Attaque de Zeppelins en direct

21h Paris, Le 29 Janvier 1916

Mon mignon chéri,

Quelle surprise ! Figure-toi que cet après-midi comme je descendais mettre ta lettre contenant la photo à la poste, la concierge m’a remise trois lettres de toi. Tu penses si j’étais contente. J’étais loin de m’attendre à une si douce avalanche ! Que de gentilles choses dans trois lettres à la fois ! Elles sont arrivées à un bon moment, depuis ce matin, je voyais tout en noir. Pourtant, voici longtemps que cela ne m’était arrivé. C’est très drôle, ça prend tout d’un coups à n’importe quel sujet. Heureusement qu’elles se sauvent aussi vite qu’elles arrivent.

Je voulais quand même t’écrire ce soir, car cet après-midi, j’étais un peu pressée et je t’ai écris une lettre à la va-vite afin que la photo parte ce soir. Comme j’ai eu le bonheur de recevoir trois lettres, il faut que je fasse une longue réponse, comme si je répondais à trois lettres séparées. Tes lettres sont celles du 23-24-26.

Dans celle du 23, tu m’annonces ton prochain repos pour le 27. Donc à l’heure où je t’écris, tu en jouis.

Dans la lettre du 24, tu me dis que tu es gâté, car tu reçois une lettre tous les jours sans exception. Qu’est-ce que je dirais alors ! Moi qui vient d’en recevoir trois dans la même journée ?

Je t’écris en effet presque tous les jours, cela me fait tant plaisir de venir bavarder avec toi, c’est la seule joie qui me reste lorsque je viens de recevoir une mignonne  lettre de toi.

Je te remercie du conseil que tu me donnes au sujet de Madeleine. Je pourrais le mettre en pratique dès  à présent, car j’ai le crâne bourré de ses histoires qui, plus je la connais, sont de plus en plus nombreuses. Mais tu as oublié de me donner l’adresse du soit-disant marchand d’oreille à rechange, car je pourrais lui faire faire des affaires en or !!!! D’ailleurs, tout ce qu’elle me raconte ça rentre par une oreille et ça ressort par l’autre. Cette pauvre Madeleine, si elle lisait ça, elle ferait je crois une drôle de tête.

Je suis heureuse de savoir que ton rhume va mieux. Tant qu’à moi, j’ai un mal de dents comme je n’en ai jamais eu de ma vie. A part ça, je vais toujours très bien.

As-tu reçu la photo ? J’ai bien peur qu’elle arrive abimée ou pliée en deux.

Ce soir, j’étais en train de coudre, aussi, pour t’avoir tout près de mes yeux, je t’avais installé sur la table, ta photo malheureusement, mais pas toi. Et je t’assure que j’avais plus souvent le nez en l’air que sur mon ouvrage. Par moment, je le lâchais même pour mettre un long baiser sur ta mine souriante, qui avait l’air de me remercier.

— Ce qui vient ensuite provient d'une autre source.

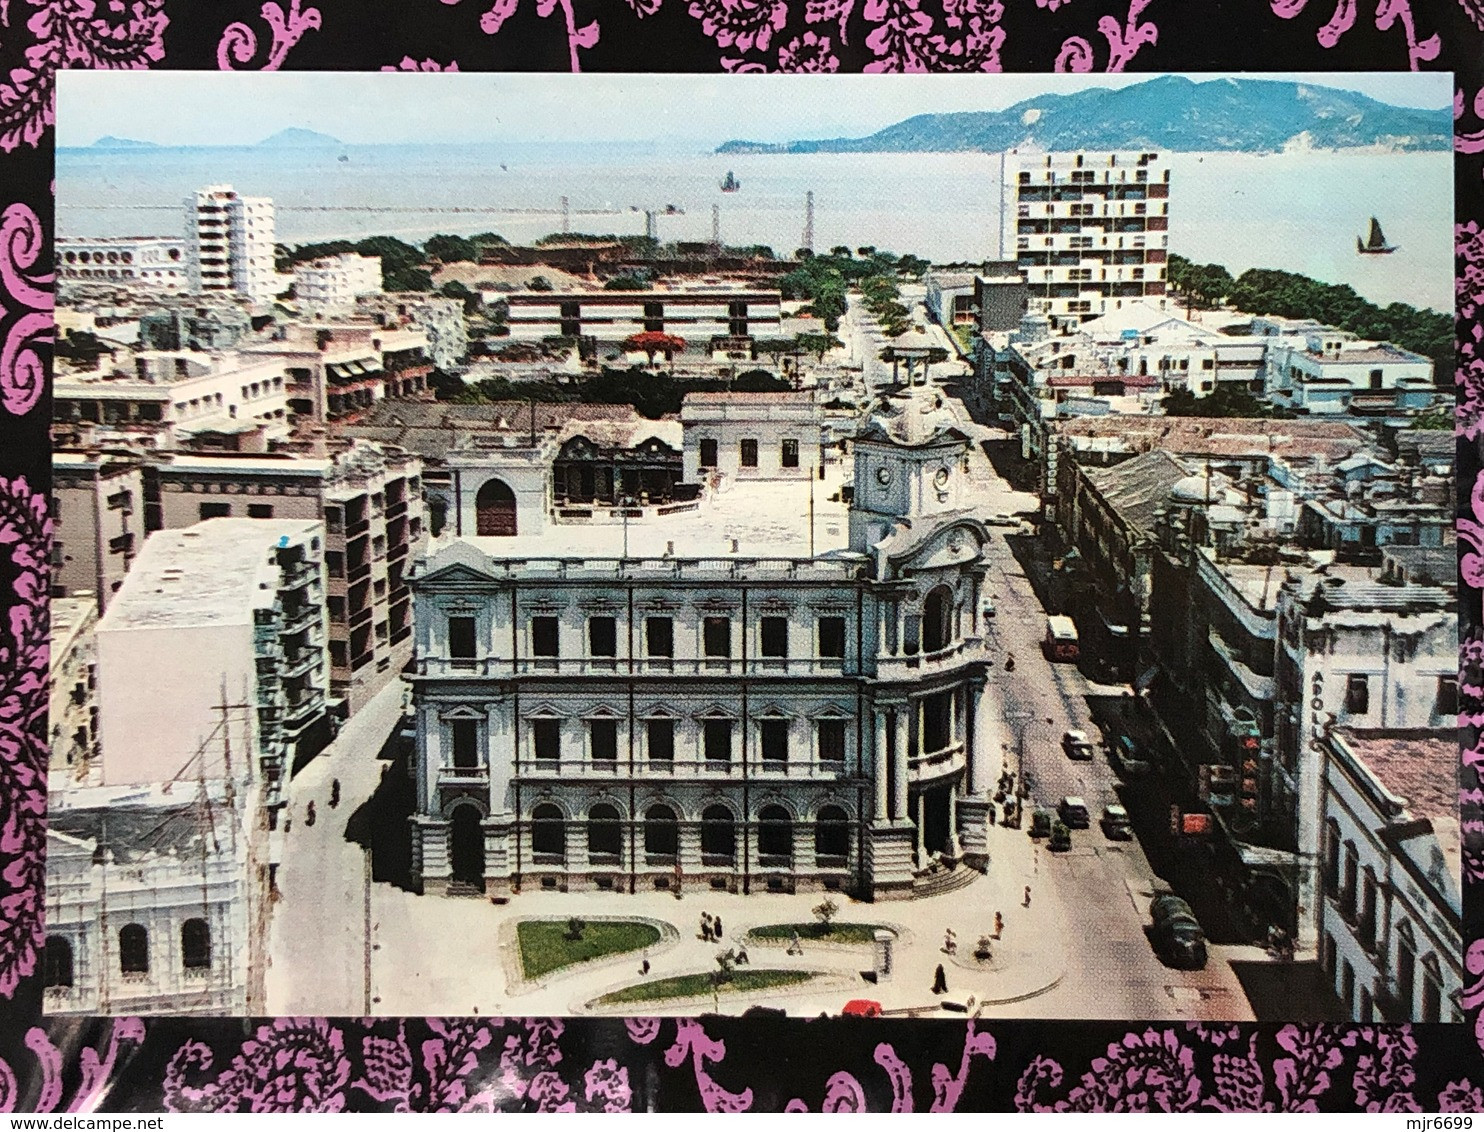 MACAU 1960'S GENERAL POST OFFICE & BUILDING THE CASINO LISBOA AT THE TOP END OF THE PHOTO, RARE - Macao

23 heures – Suite de ma lettre
Mon chéri, Figure-toi que j’étais en train de t’écrire tout à l’heure lorsque retentit tout-à-coup l’alarme des pompiers signalant les zeppelins. A peine ce signal donné, trois énormes détonations suivirent et tout à côté d’ici ; où est-ce, je l’ignore ! Toute la maison est en révolution. Mon père, à peine les détonations, m’oblige à descendre à la cave. Tu penses si c’est rigolo. J’avais le porte-plume à la main et je terminais la quatrième page de ma lettre. J’ai saisi prestement toutes tes lettres éparses sur la table et je les ai vivement rangées. Tant qu’à celle que j’étais en train d’écrire dans ma précipitation, je l’ai descendu avec moi (elle était dans ma poche de manteau). Aussi, dans l’angoisse, ne sachant ce qu’il se passait, ahurie par les pompiers et par leurs trompes, me gelant dans un couloir en bas, je l’ai un peu froissée. Comme je l’ai pressée ! Je me disais que s’il m’arrivait quelque chose, j’aurai encore le bonheur d’avoir une pensée de moi pour toi.

IMG_1089

Je suis restée environ 1h1/2 assise sur les marches de l’escalier, près de la loge de la concierge. Tous les locataires étaient assis en gradins, presque jusqu’au premier. Tu vois d’ici si c’était charmant et depuis 10 heures, jusqu’à 11 heures, il n’est passé que des autos de pompiers se dirigeant dans la rue de Charonne. C’est de ce côté que nous avons entendu les trois détonations successives et je t’assure que cela a fait un beau vacarme.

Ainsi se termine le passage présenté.